SDSC’s research will focus on using its already widely accepted GEON LiDAR Workflow (GLW) application, which is part of the Center’s GEON Project, an open, collaborative project funded by the NSF’s Information Technology Research (ITR) and Geoinformatics programs to develop cyberinfrastructure for the integration of three- and four-dimensional earth science data. LiDAR data have broad applicability in the areas of earth sciences, hydrology, ecology, environmental sciences, and hazards. The GLW application allows users to subset remote sensing data stored as “point cloud” data sets, process it using different algorithms, and visualize the output.
SDSC researchers will use the Google-IBM CluE cluster in combination with the Apache Hadoop programming environment, an open-source volunteer project developed under the Apache Software Foundation, a not-for-profit enterprise dedicated to open, collaborative software development projects by supplying hardware, communication, and business infrastructure.
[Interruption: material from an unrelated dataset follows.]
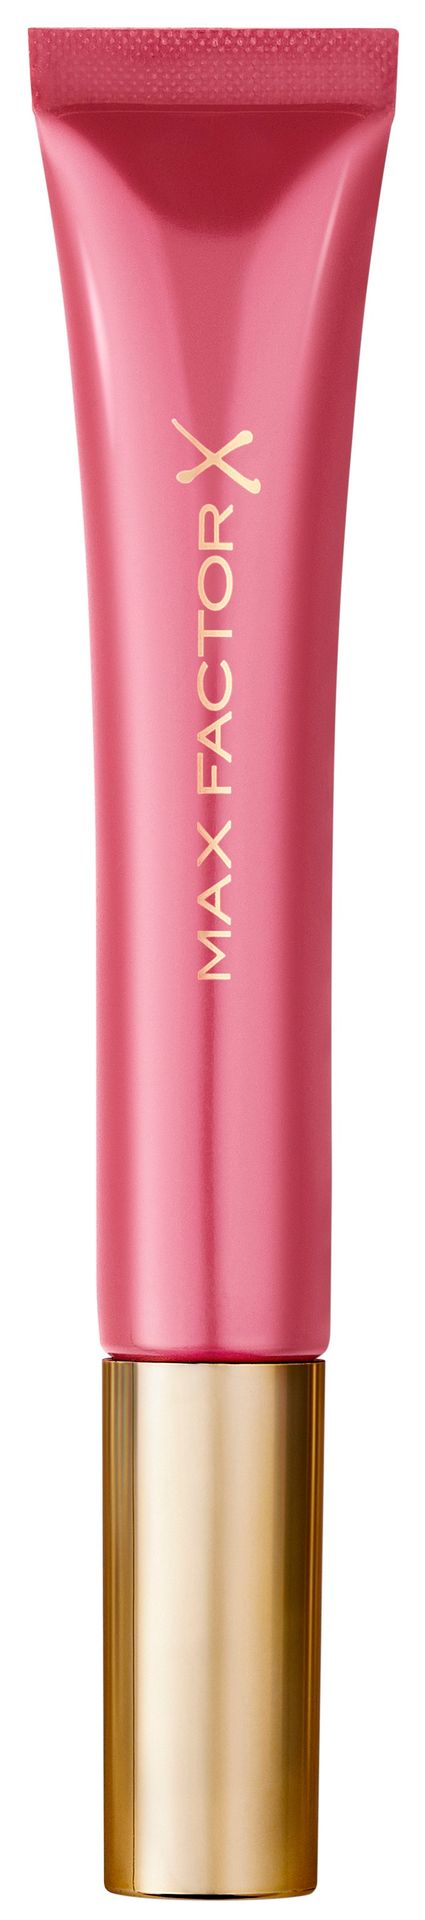 Max Factor Colour Elixir Cushion 81646108
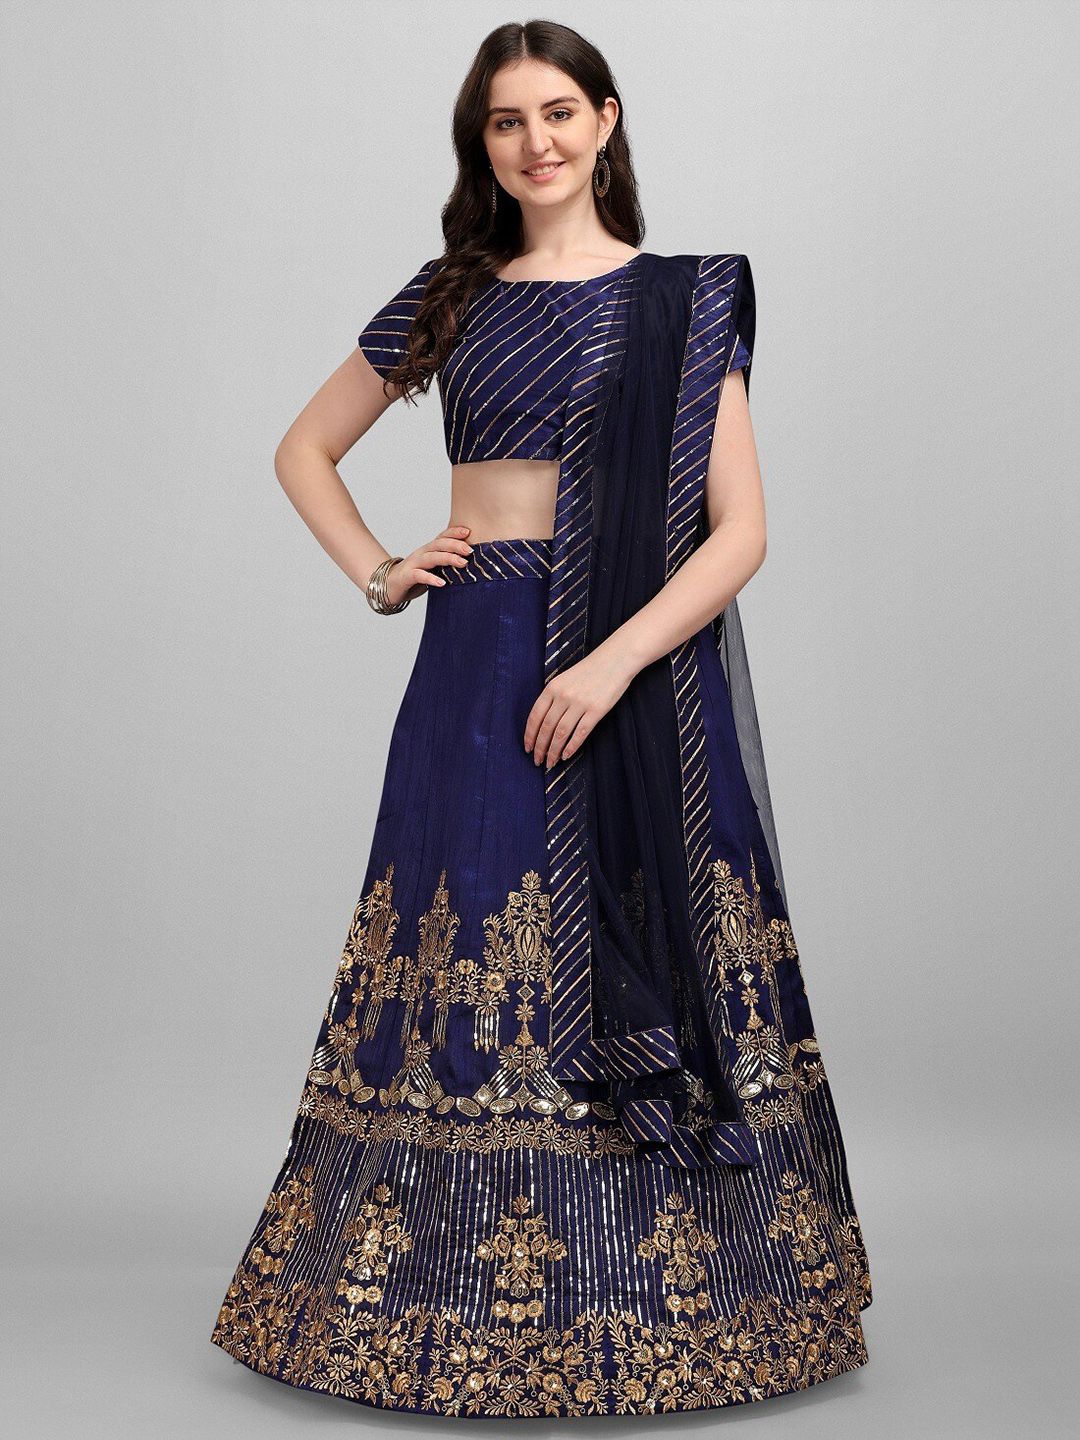 Fashionuma Blue & Gold-Toned Embroidered Semi-Stitched Lehenga & Blouse With Dupatta Price in India

During the next 24 months, researchers will evaluate hybrid approaches that dynamically deploy a database instance for some subsets of the data, based on user directives or workload analysis, while the rest of the data are served using Hadoop.
“The resource-rich CluE environment represents the type of systems that are becoming available to real-world applications, as opposed to the resource-constrained environments that are currently common in most production systems for large scientific data management, especially in academia,” said Baru. “The Google-IBM CluE cluster is a natural environment for implementing GLW, which is highly data-parallel in nature. Our plan is to evaluate a series of implementations using the database system, as well as the distributed file system and MapReduce implementations provided by Hadoop.”
In addition, SDSC researchers believe that the CluE- based or similar cluster-based implementations can be exposed to user communities via a Services Oriented Architecture (SOA) for access via other scientific workflow environments, visualization tools, and portals, such as the GEON Portal and GEON’s new Open Topography portal, which now contains GEON’s LiDAR data access and processing capabilities.
“This in turn will bring the benefits of massively-scaled computing resources to a large community of users,” noted Baru.
Sriram Krishnan, a senior distributed systems researcher with SDSC, is co-principal investigator on the project, which runs until January 31, 2011. Other SDSC research team members include Viswanath Nandigam and Chris Crosby. NSF will provide support to researchers to conduct their work, while Google and IBM would cover the costs associated with operating the cluster. The project is being conducted under NSF Award No. IIS-0844530.
As an organized research unit of UC San Diego, the San Diego Supercomputer Center is a national leader in creating and providing cyberinfrastructure for data-intensive research, and has the largest archival storage capacity of any academic institution in the world. Cyberinfrastructure refers to an accessible and integrated network of computer-based resources and expertise, focused on accelerating scientific inquiry and discovery.